Влас Дорошевич - Каторга. Преступники
Павлопуло засиял от счастья. Теперь уже глаза всех почтительно были обращены на него: знаменитость, которую проезжие люди по России помнят!
– Ах, как вы меня этим поддержали! Вы себе этого и представить не можете! – говорил мне потом Павлопуло. – На сто процентов ко мне уважение поднялось!
С этого и пошла наша дружба. Когда я приходил в вольную Александровскую тюрьму, меня всегда сопровождали двое – Павлопуло, которые разъяснял, что при мне нечего опасаться пить водку, играть в карты и т. п., и А., который считал своим долгом меня охранять:
– Мало ли какой дурак может вам скандал сделать? Ведь народ тут тоже. Одно слово – арестант.

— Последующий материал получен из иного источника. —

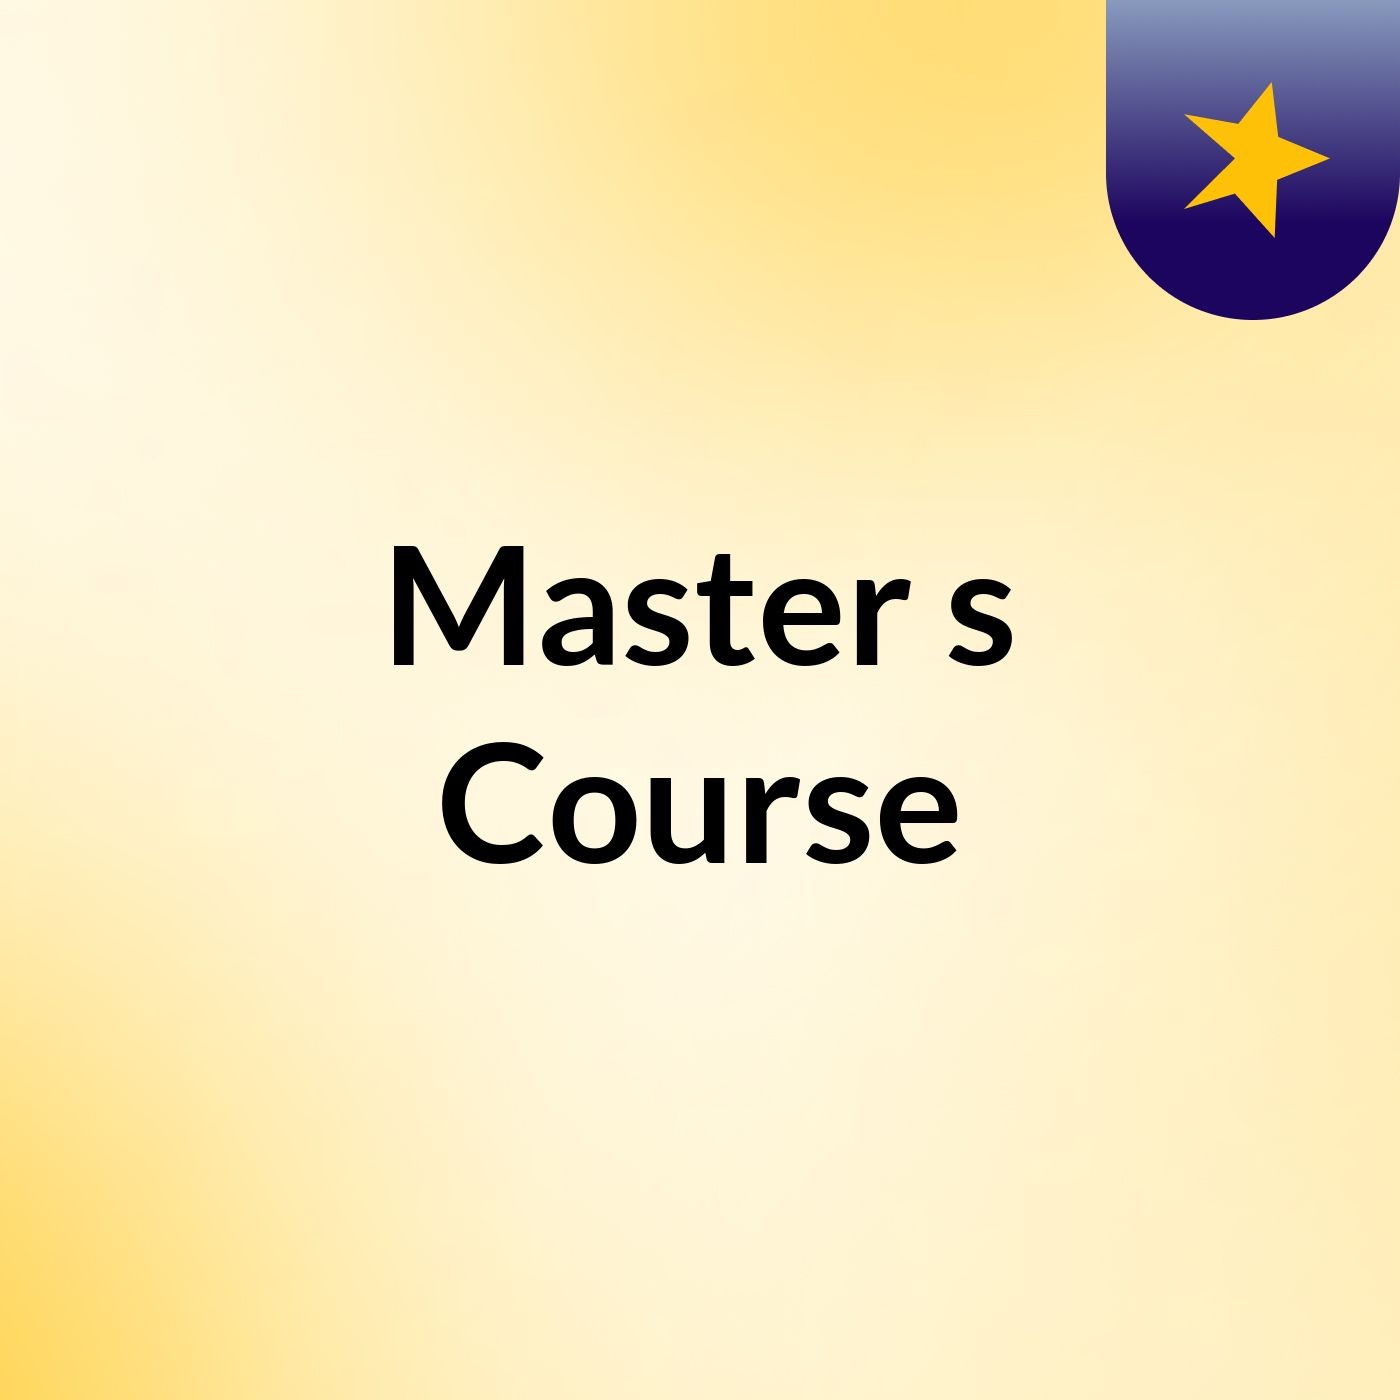 Master's Course

На Сахалине служащие получают в складчину телеграммы «Российского Агентства», которые печатаются в местной типографии. Я брал оттиск, и Павлопуло каждый день заходил ко мне почитать телеграммы: в то время шла греко-турецкая война.
Он оседлывал нос золотым пенсне, которое так удивительно шло к арестантскому бушлату, читал и покачивал головой:
– Ца! Ца! Ца! Насих бьюти! Бьюти греков! Бьюти!
Был печален, озабочен, приходил в неистовство:
– Министри наси никуда не годятися! Министри! До чего довели! На сто ми тепери воевати мозем! Все Делианиси изделали!
А однажды объявил:
– Из-за этого Делианиса я в каторге!
– Как так?
– Павлопуло моя не настоящая фамилия. Я из Афин. У меня в Афинах брат адвокат есть. Только я, конечно, в молодости с пути сбился. А то бы хорошим механиком был. Но только когда в возраст пришел, решил остепениться. Выждал, когда мне по греческим делам давность вышла, – денег у меня было много, – купил себе землю в Греции. Тут наши министры такую политику повели – беда. Нищие совсем стали. Налоги страшные. Земля себя не окупает. Неурожаи. В долги влез. С аукциона все пошло. А жить я привык! Пришлось опять кассы вскрывать идти. Вот до Сахалина из-за министров наших и дошел!
Часто он говорил мне, и в голосе его слышалось столько за душу хватающей тоски.
– Что Сахалин! Не то меня мучает, что я на Сахалине. А то, что далеко я от Греции! Там что теперь делается! Бедная, бедная Греция!
Иногда он говорил:
– Пустили бы меня. В волонтеры бы пошел! Хоть бы умереть дали за Грецию!
И когда он говорил о Греции, в голосе его слышалось столько нежности, любви к родине.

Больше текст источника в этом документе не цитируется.